WHAT IS EXPECTED: Please return every line of the material verbatim and skip any images.

LISTED RECORDS:
------------------------------------
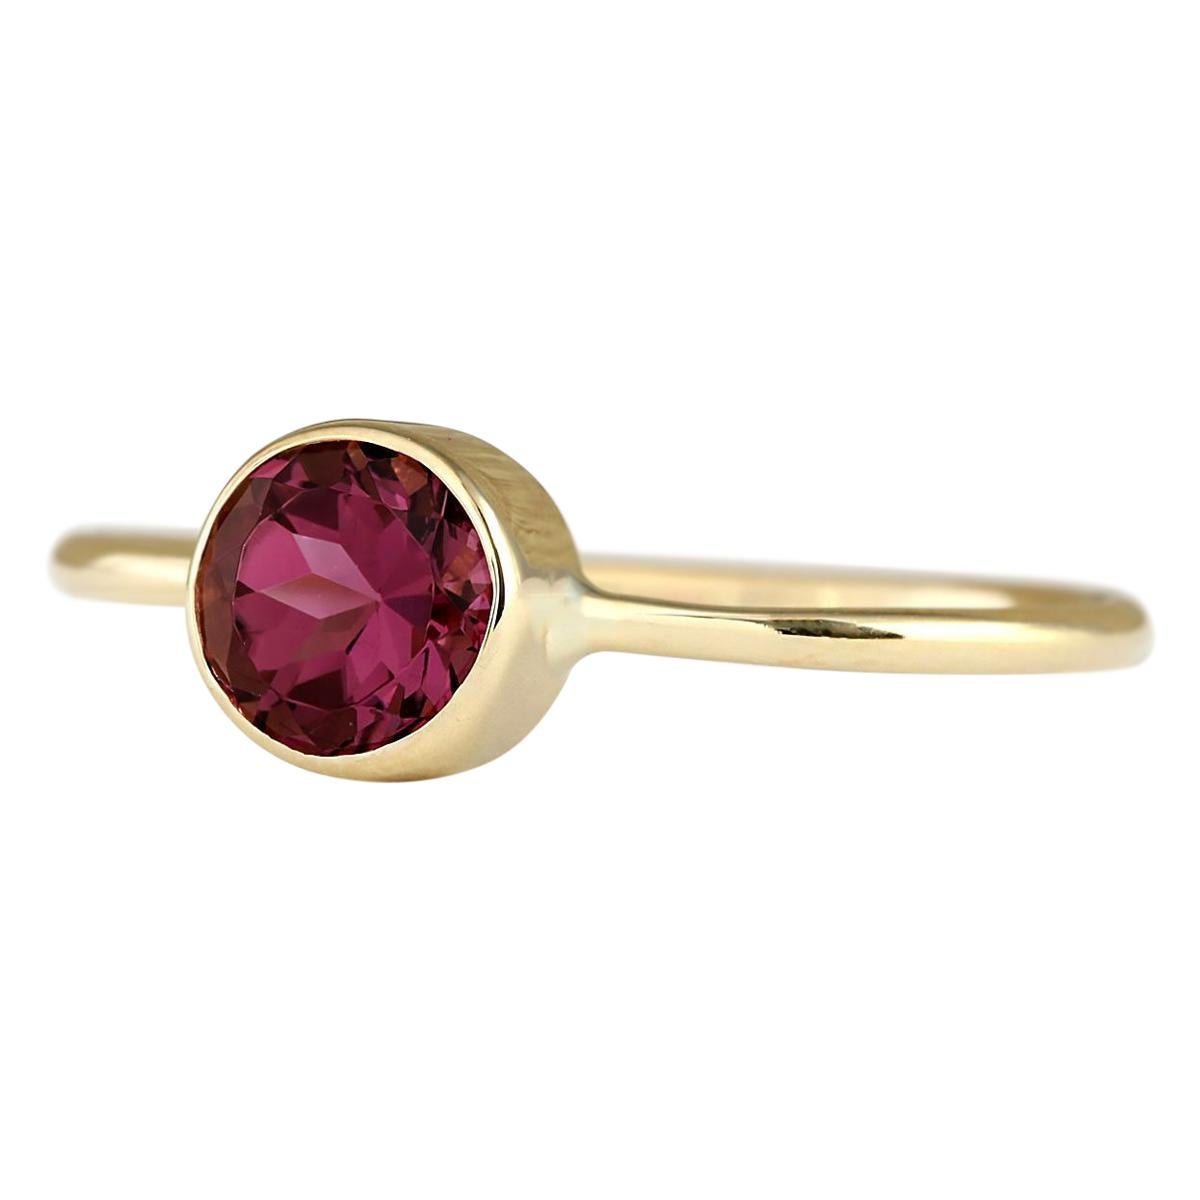 Stamped: 14K Yellow Gold
Total Ring Weight: 1.6 Grams
Total Natural Tourmaline Weight is 0.80 Carat
Color: Pink
Face Measures: 6.00x6.00 mm
Sku: [703409W]
------------------------------------
REPLY TO THE EXERCISE:
 Stamped: 14K Yellow Gold
Total Ring Weight: 1.6 Grams
Total Natural Tourmaline Weight is 0.80 Carat
Color: Pink
Face Measures: 6.00x6.00 mm
Sku: [703409W]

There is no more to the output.